Книга Разговоры об искусстве. (Не отнять), страница 51. Автор книги Александр Боровский

Разделитель для чтения книг в онлайн библиотеке

Онлайн книга «Разговоры об искусстве. (Не отнять)»

Cтраница 51

Следующая тема была сформулирована радикально – фашизм в перестроечном Ленинграде. В те годы либеральная интеллигенция выпустила на свободу слово «фашизм» без поводка конкретных политических коннотаций. Этим грозным разрушительным термином покрывались без разбора все оттенки консерватизма, национализма и охранительства. Смысл его девальвировал: от страшного до страшилки. Западные либеральные СМИ не смогли прочесть (просечь, как говорили в моем детстве) это снижение, термин был для них абсолютным негативом. Тильман прочел где-то, что Ленинградский союз писателей раскололся на две части: либерально-демократическую и фашистскую. Естественно, его хлебом не корми интересовала фашистская часть. Я тогда был подвержен всем фобиям своего сословия, и к националистам любого градуса относился (и отношусь по сей день) резко. Но и я чувствовал, что наши простоватые почвенники при всей их неопрятной риторике все-таки не тянут на фашистов. Ну, никак. Тильману надо было убедиться самолично. В пивной «Чайка» мы разрабатывали операцию. Это было вполне органичное место: первая в Ленинграде пивная, где торговали на валюту. Среди нас, художников и литераторов, пиво и сосиски в «Чайке» обретали символический смысл: почти Запад, почти свобода… Первые валютные гонорары тоненьким ручейком как раз тогда начали подпитывать наш круг. Конечно, мы понимали, что основными посетителями были финские туристы, лесорубы, торговые моряки, наши проститутки и опера, но кому хотелось разрушать собственную мифологию. Так что на островке свободы мы разрабатывали свои разоблачительные планы. Надо было разведать логово фашистов. О компьютерах с контентом, позволяющим нащупать след, мы тогда слыхом не слыхивали. Как и наши оппоненты, так что следа и не могло быть. Между тем отколовшаяся от демократии писательская община шифровалась. Конечно, с периферии моего бытия явился гонец с номером телефона. Вышли в вестибюль, там была телефонная стойка. Я позвонил: дескать, известный немецкий журналист горит желанием побеседовать с истинными патриотами. На другом конце провода шептались. Попросили перезвонить через час. Уже другой мужской голос стал допрашивать: что за журнал? Какова ориентация? Тильман – он хорошо говорил по-русски – шепнул с пивным выдохом: – «Кровь и почва»!

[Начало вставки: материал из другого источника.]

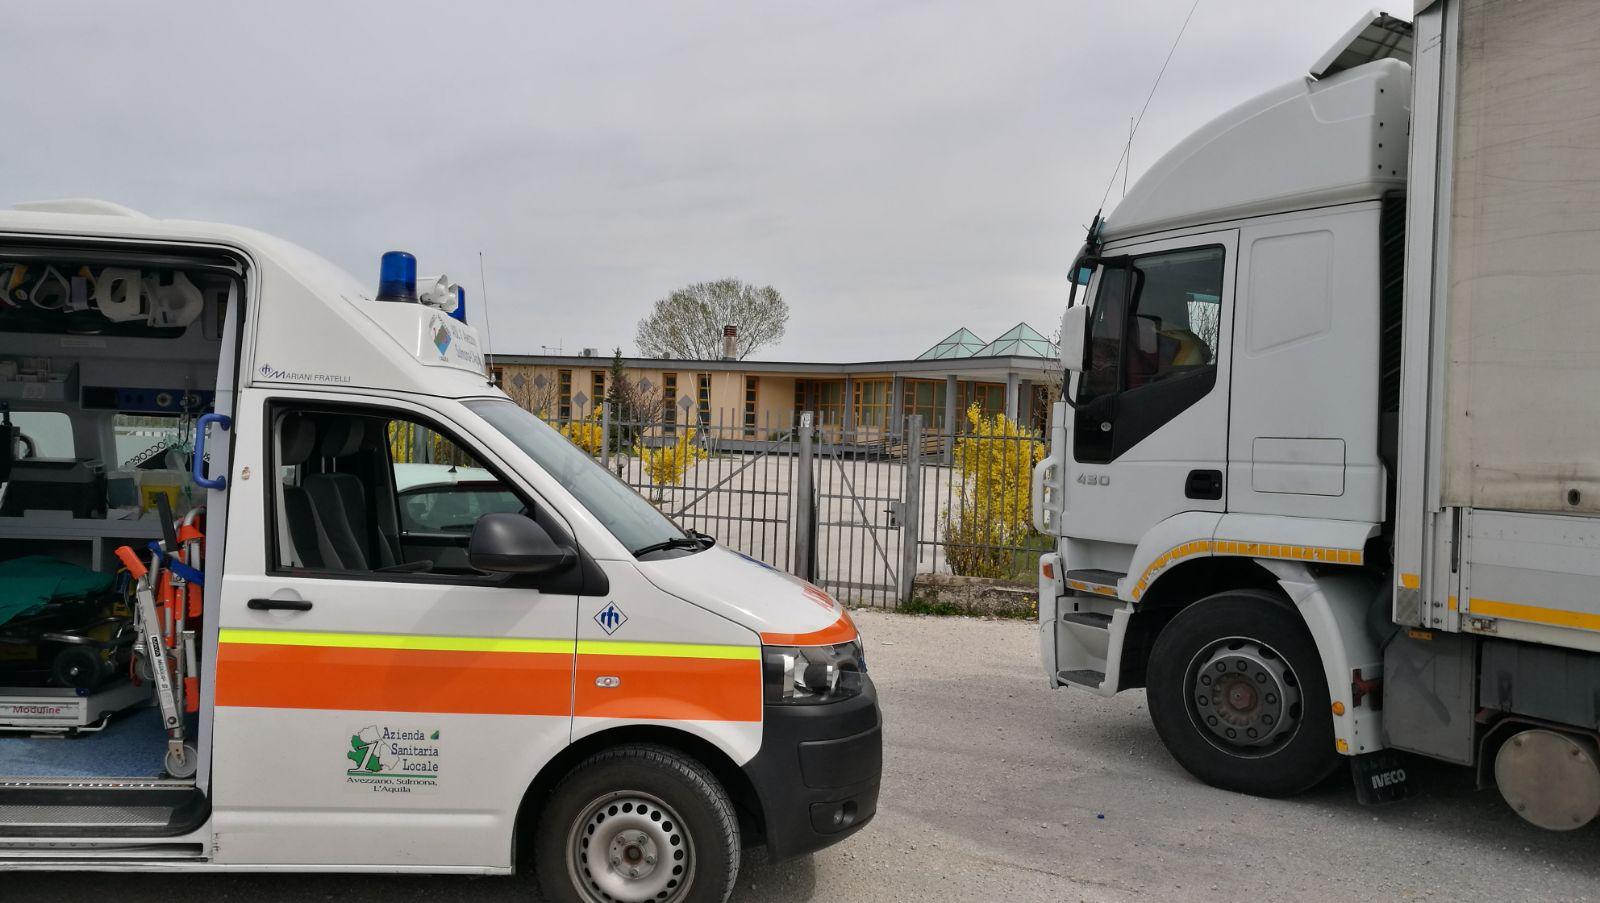 Ambulanza camion aresa servizio avezzano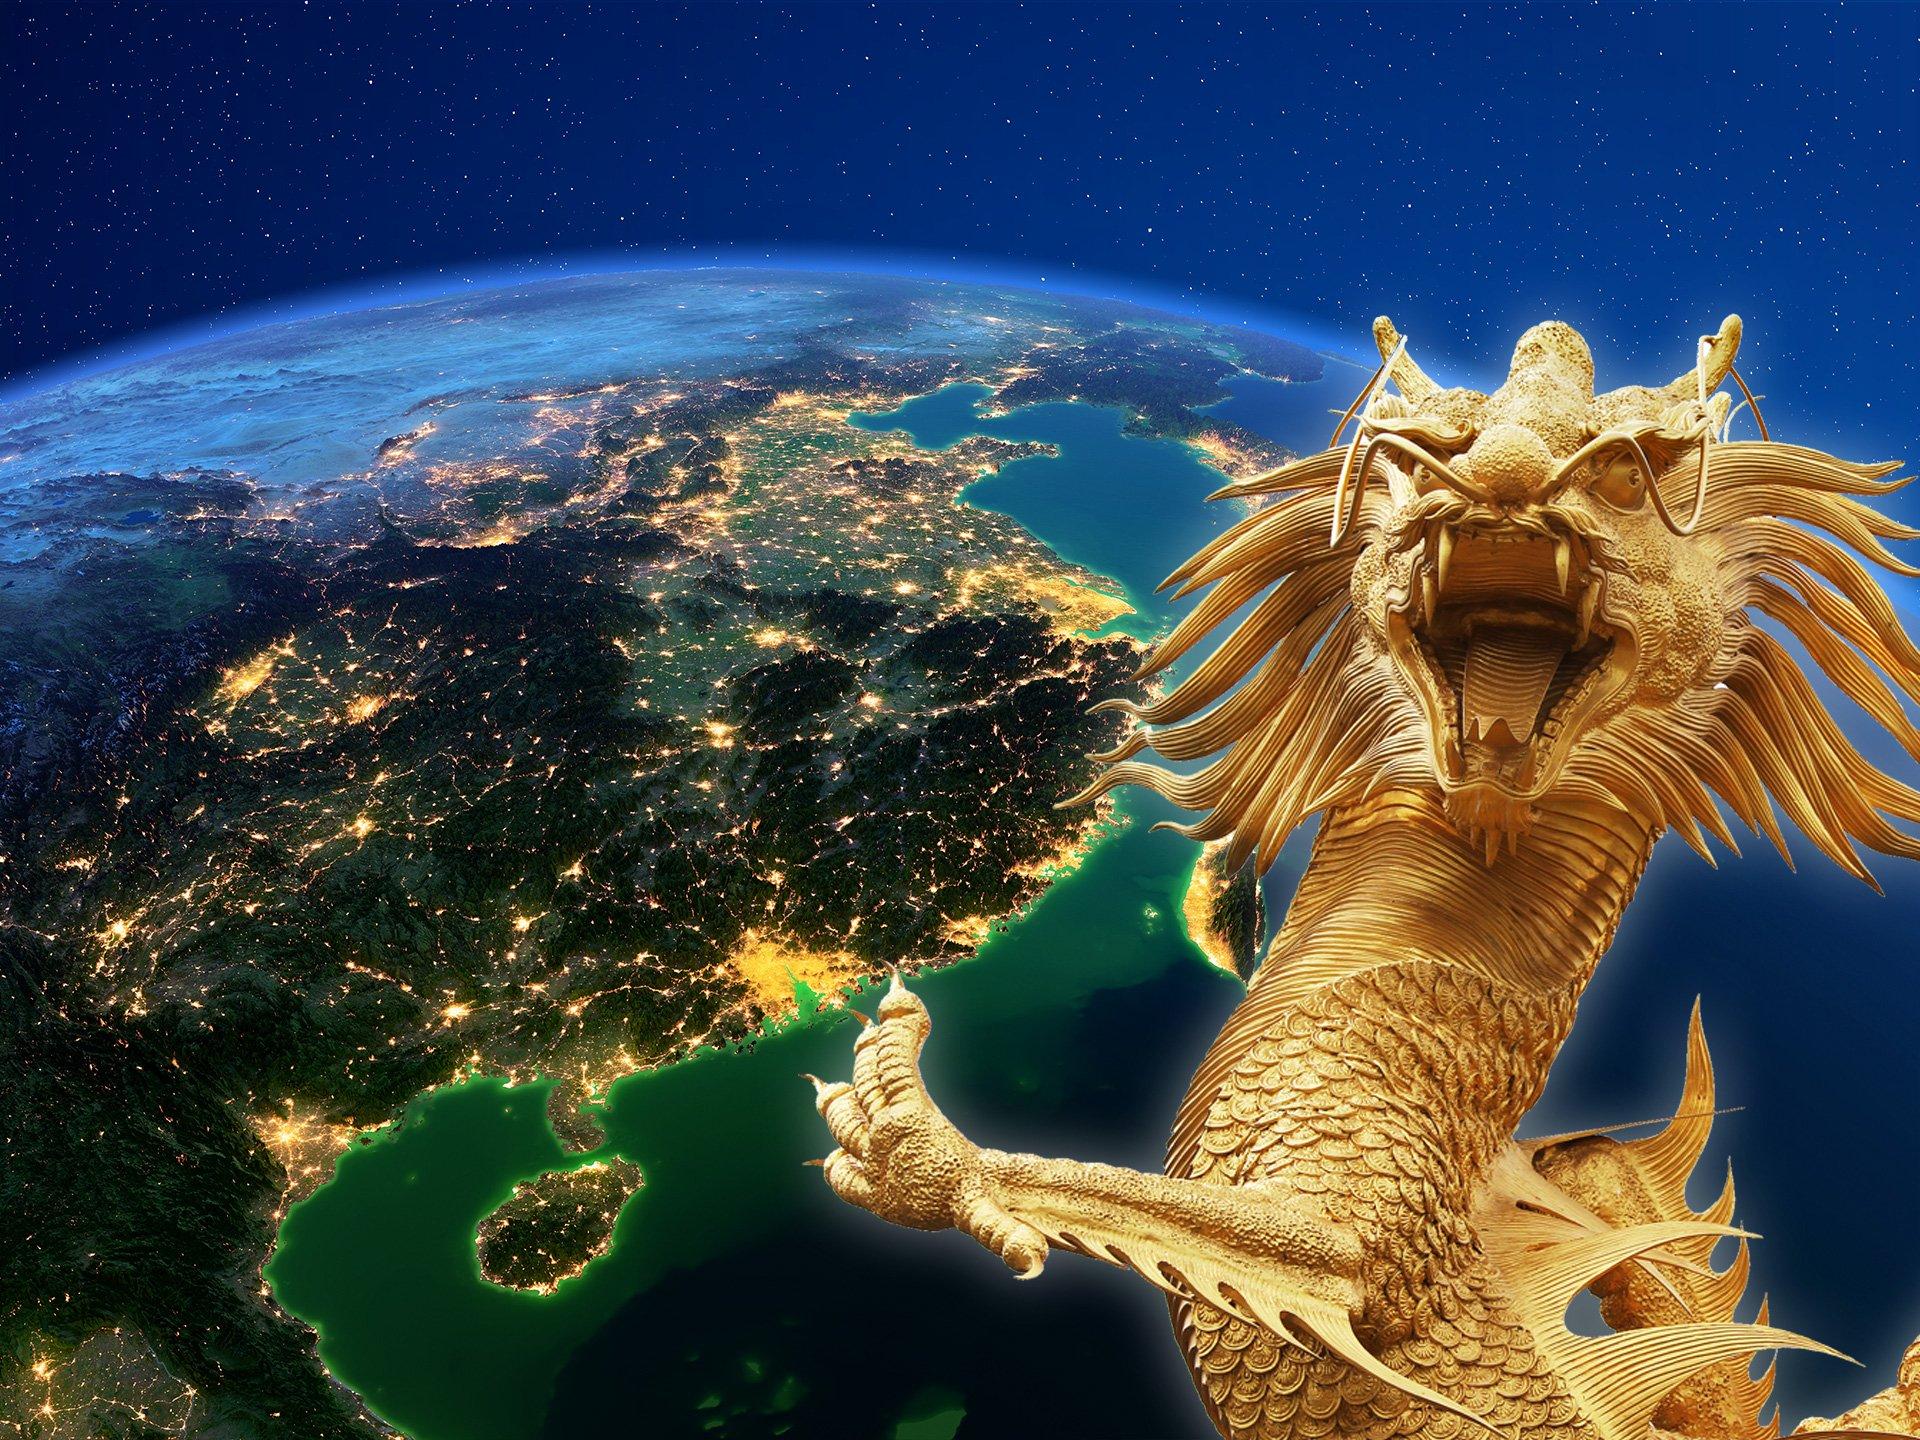 Satellitenaufnahme von China und chinesischer Drache im Vordergrund

Я погрозил кулаком: дурак, услышат, расшифруют.

– Журнал патриотический, почти что почвеннический, насколько это возможно в их условиях. Семейные ценности. Хотят дать объективную картину. Сами натерпелись от их вседозволенности. Ищут единомышленников.

Голос не сдавался:

– А вы-то сами кто будете?

– Я – сочувствующий из искусствоведческого мира. Задолбали космополиты. Фамилию назову при встрече. Сами понимаете.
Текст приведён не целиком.